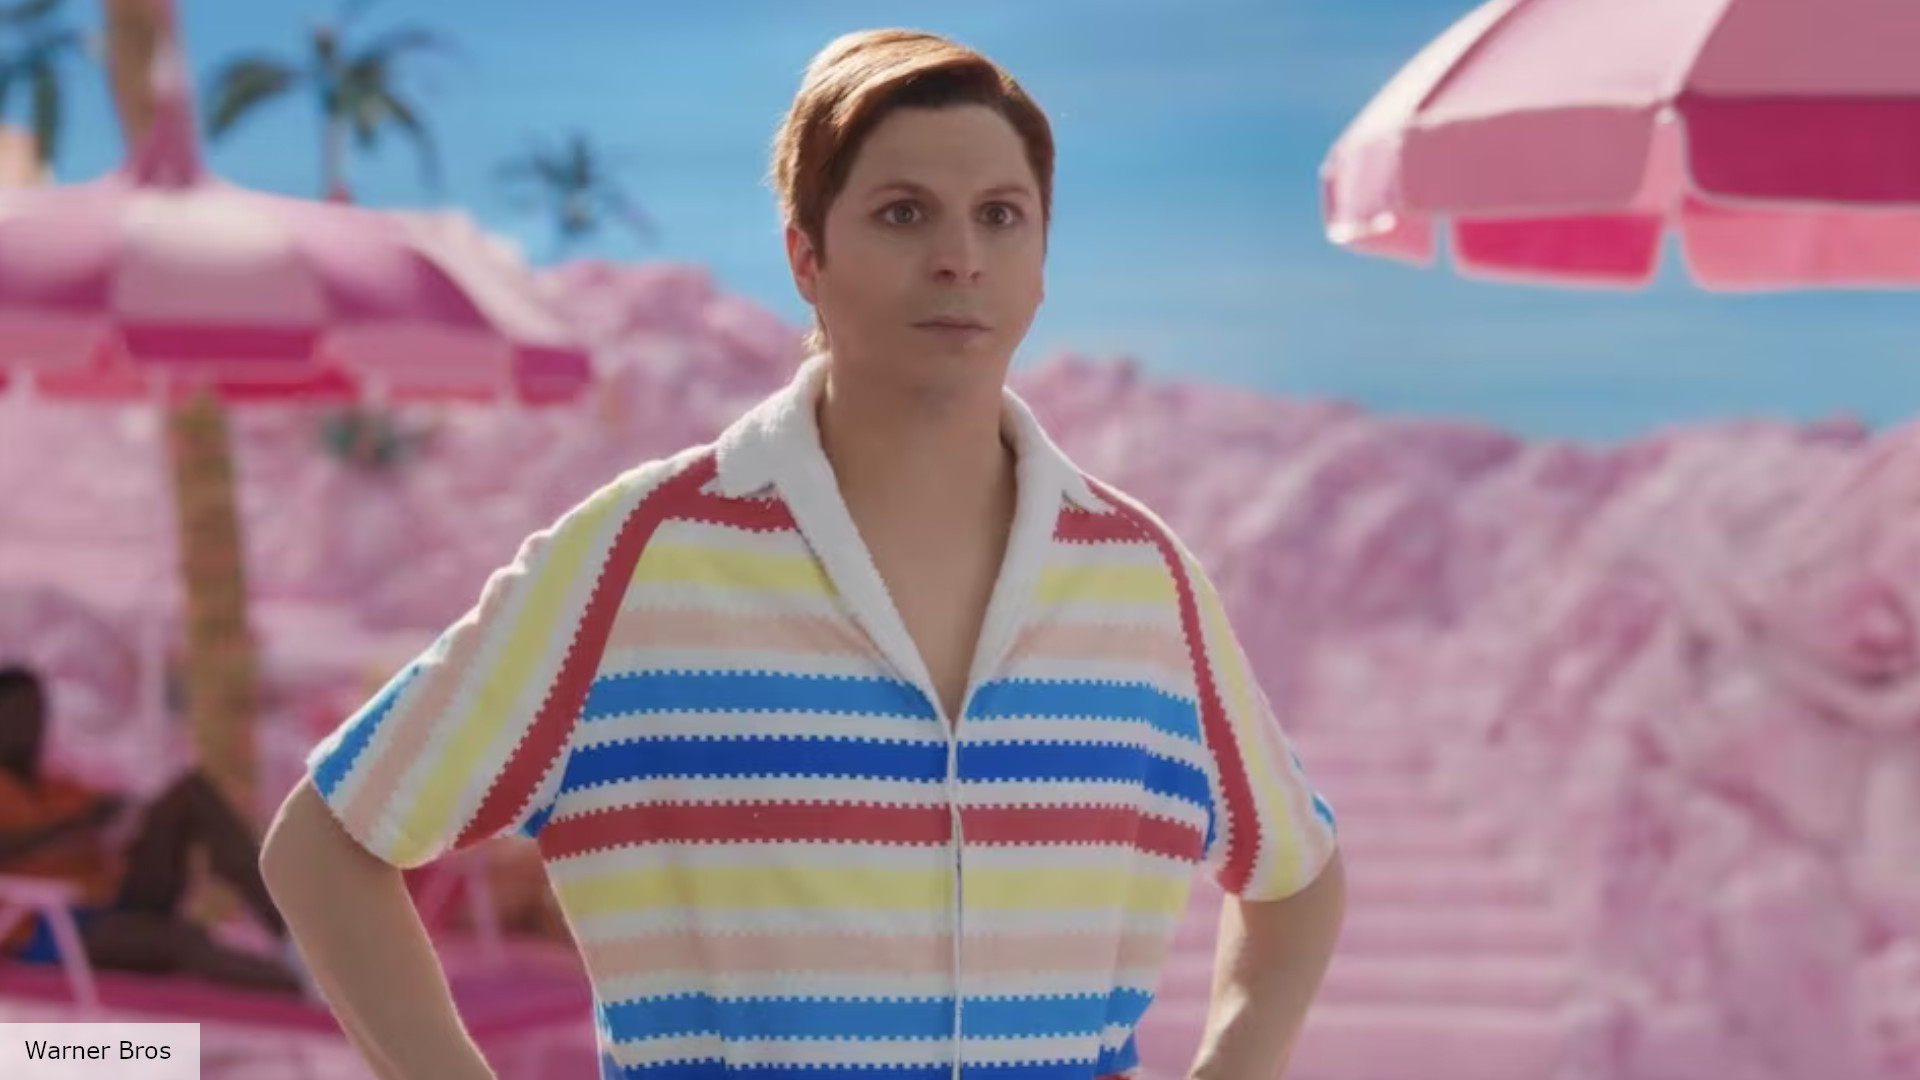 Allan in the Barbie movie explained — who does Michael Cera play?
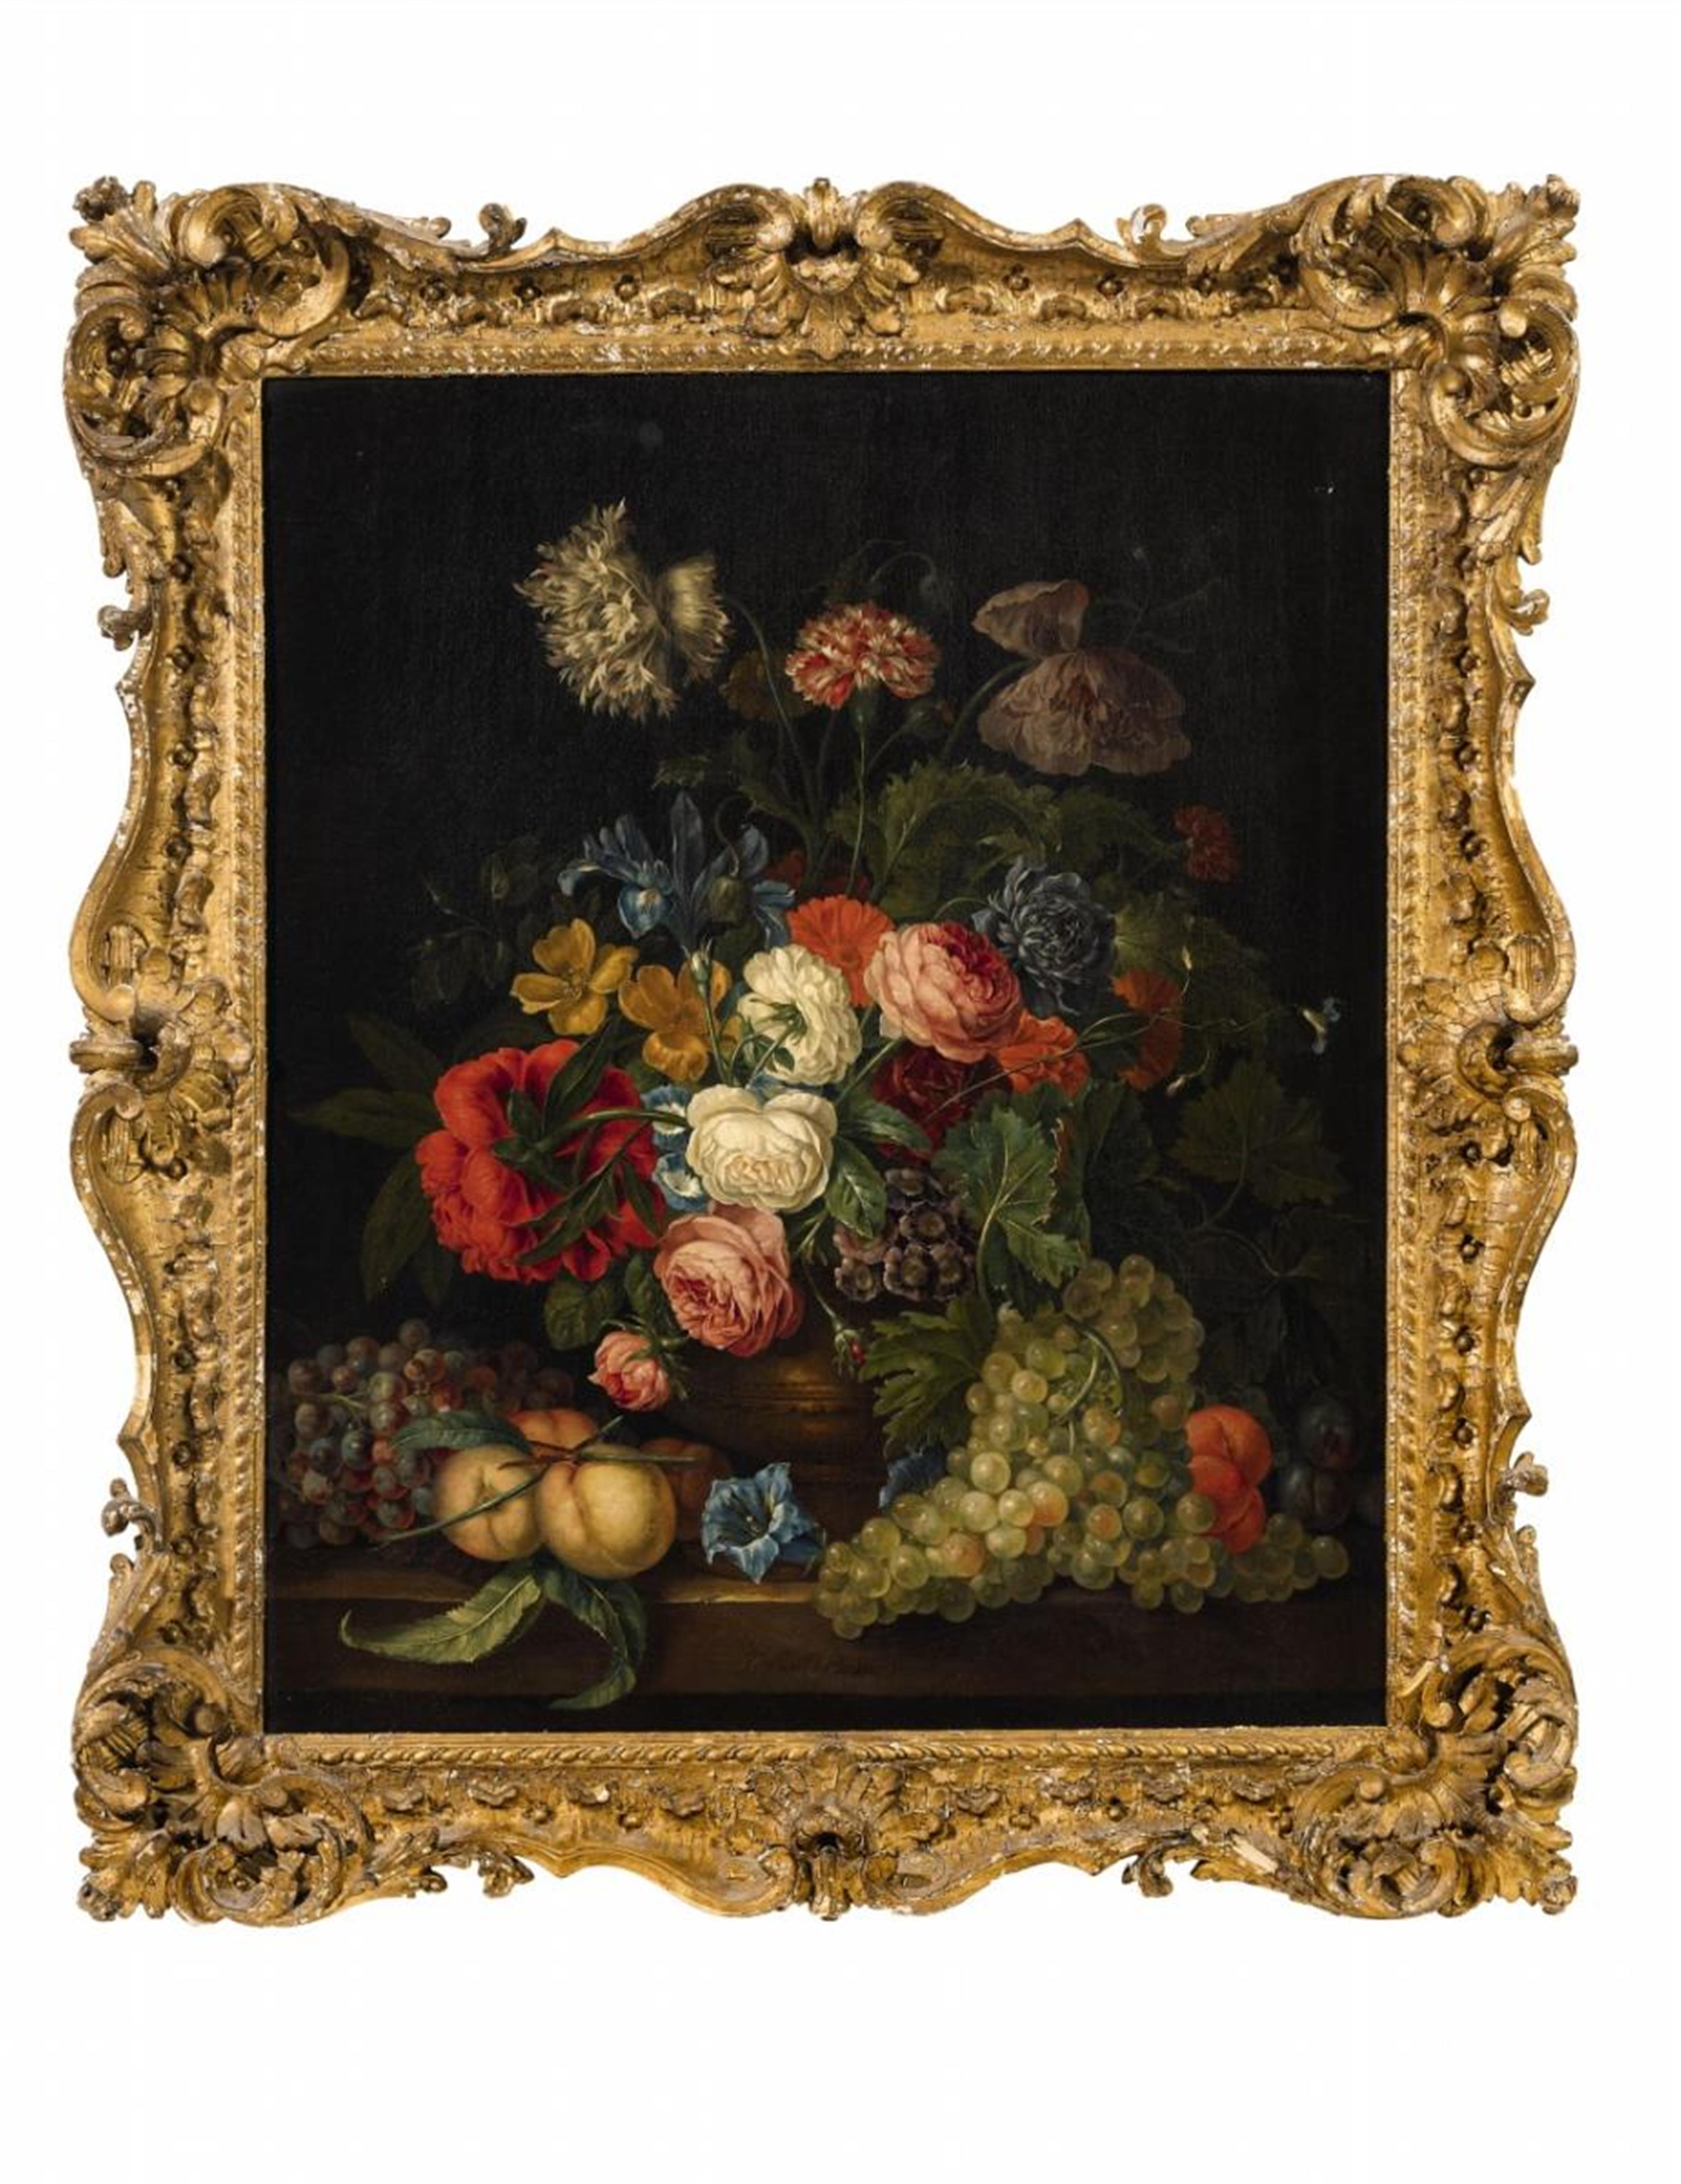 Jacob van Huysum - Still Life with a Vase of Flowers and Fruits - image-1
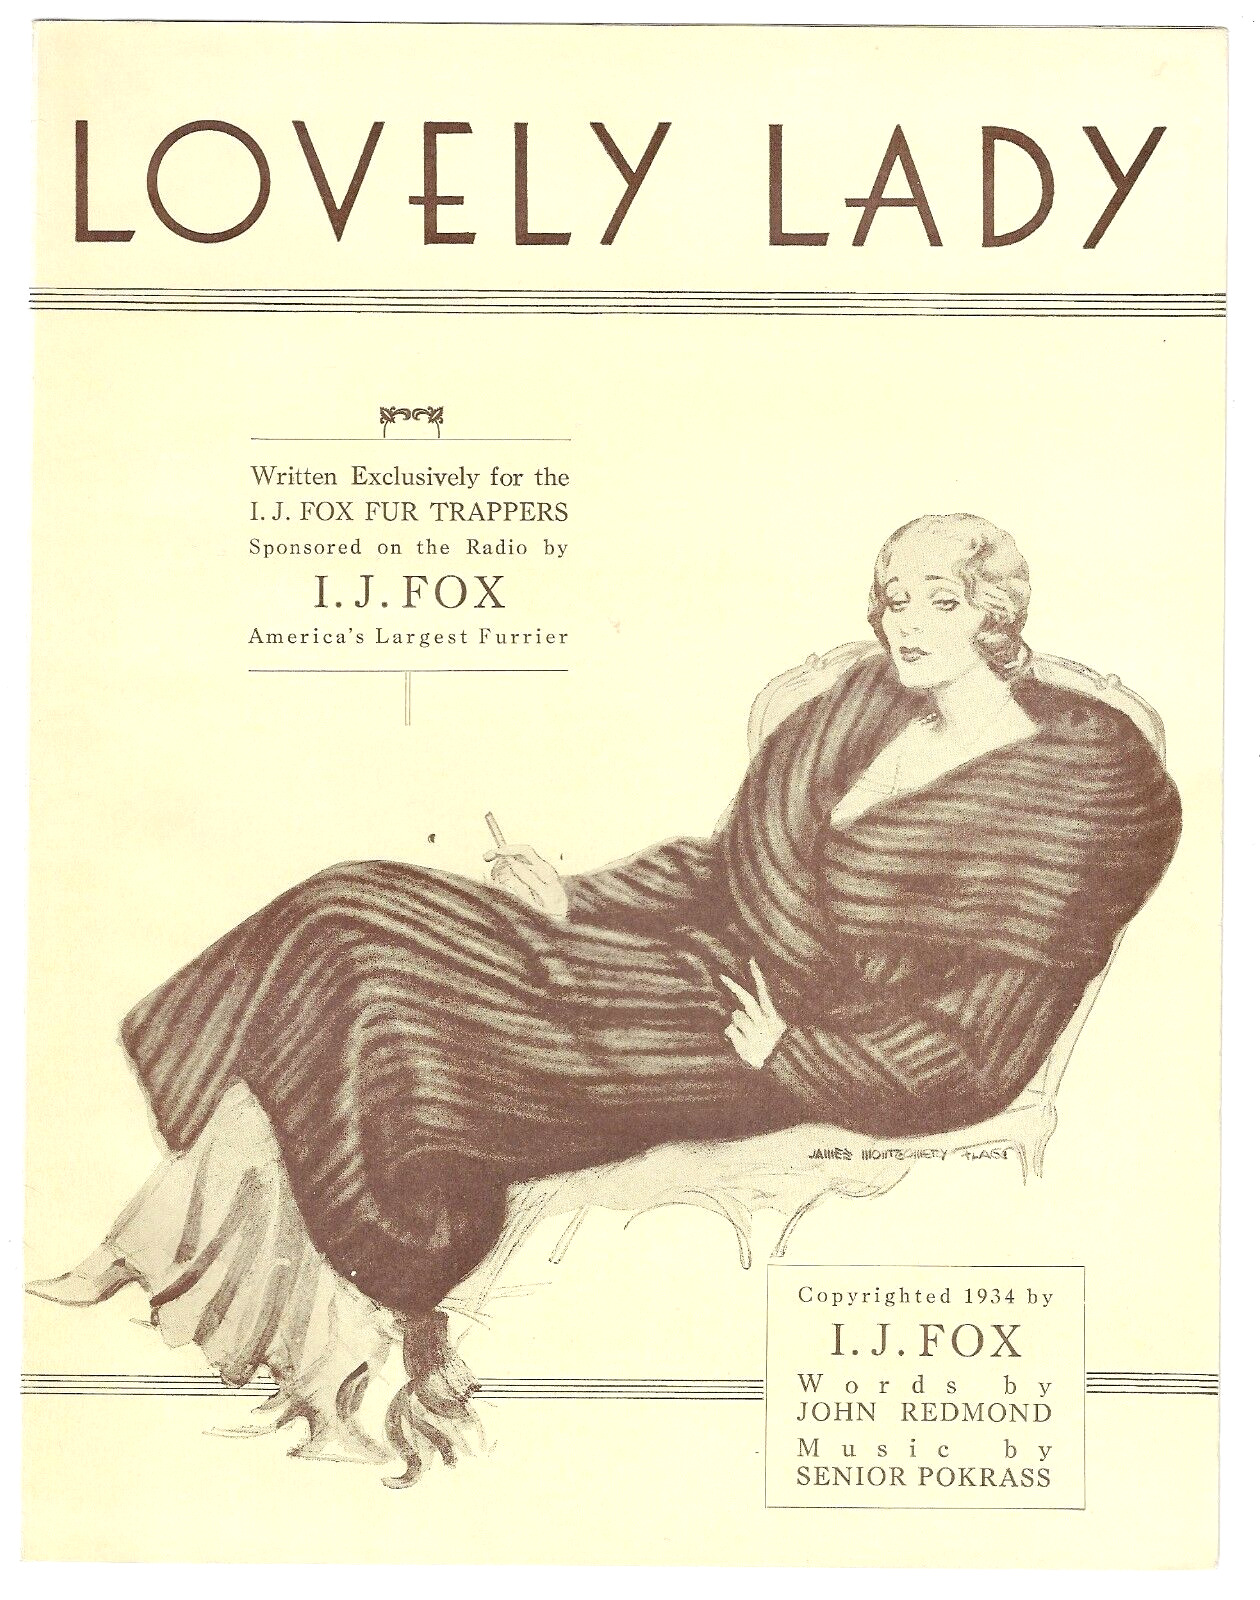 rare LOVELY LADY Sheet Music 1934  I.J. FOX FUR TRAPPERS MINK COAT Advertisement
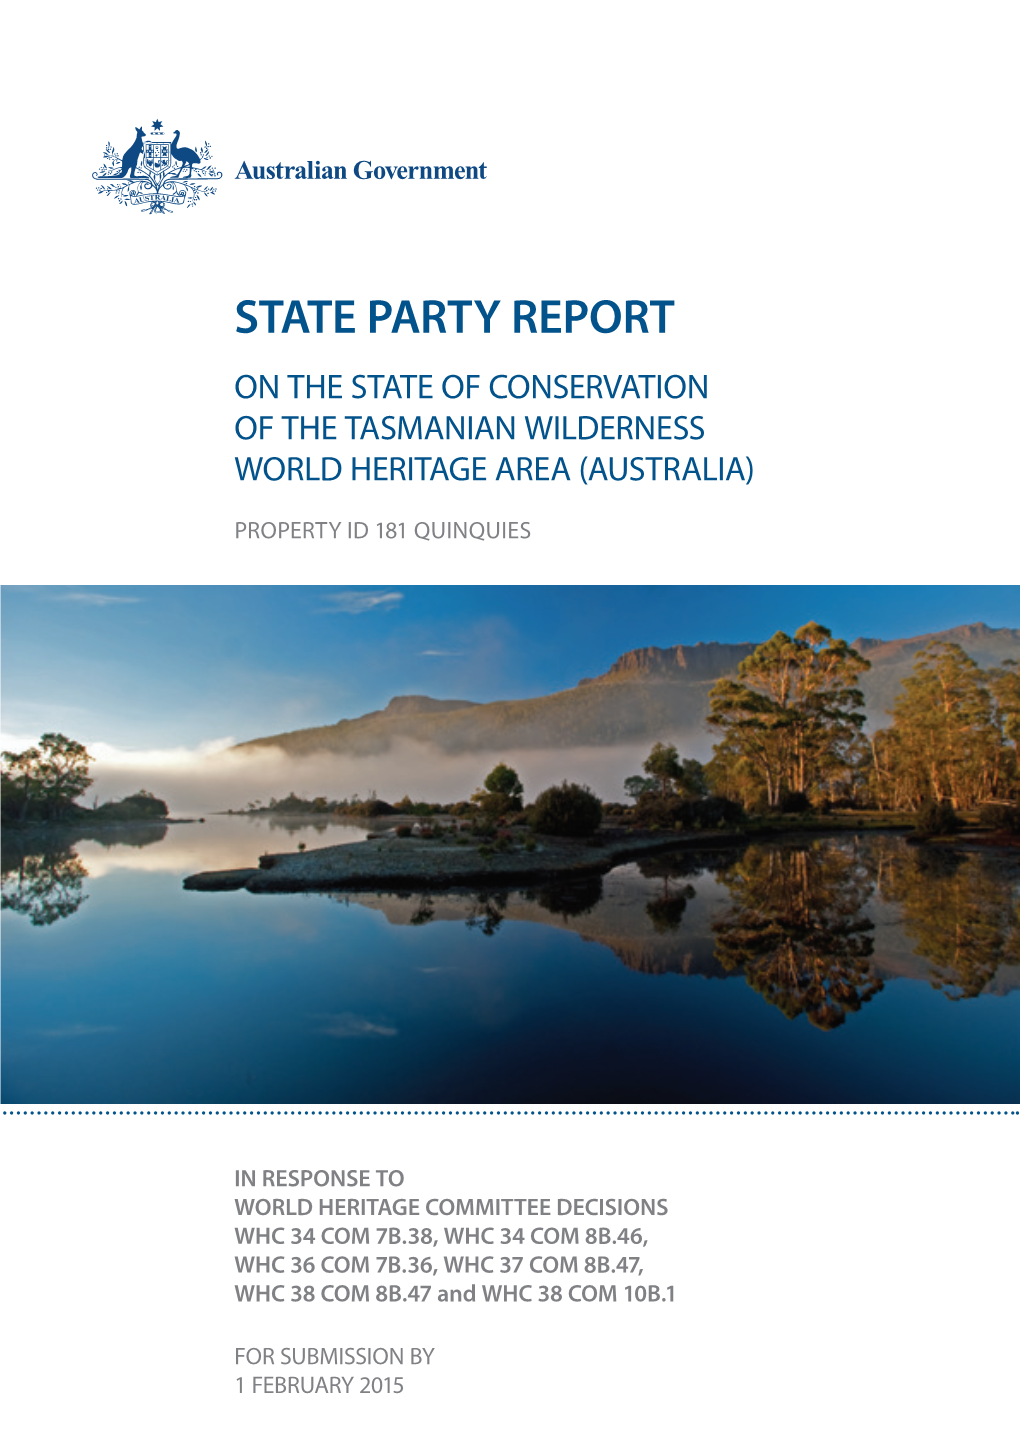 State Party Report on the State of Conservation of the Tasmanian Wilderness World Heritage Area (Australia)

WHAT THE TASK REQUIRES » Repeat the data word for word, excluding any image.

EXERCISE OUTPUT »
 Allan in the Barbie movie explained — who does Michael Cera play?
 Jacob van Huysum - Still Life with a Vase of Flowers and Fruits - image-1
 rare LOVELY LADY Sheet Music 1934  I.J. FOX FUR TRAPPERS MINK COAT Advertisement
 State Party Report on the State of Conservation of the Tasmanian Wilderness World Heritage Area (Australia)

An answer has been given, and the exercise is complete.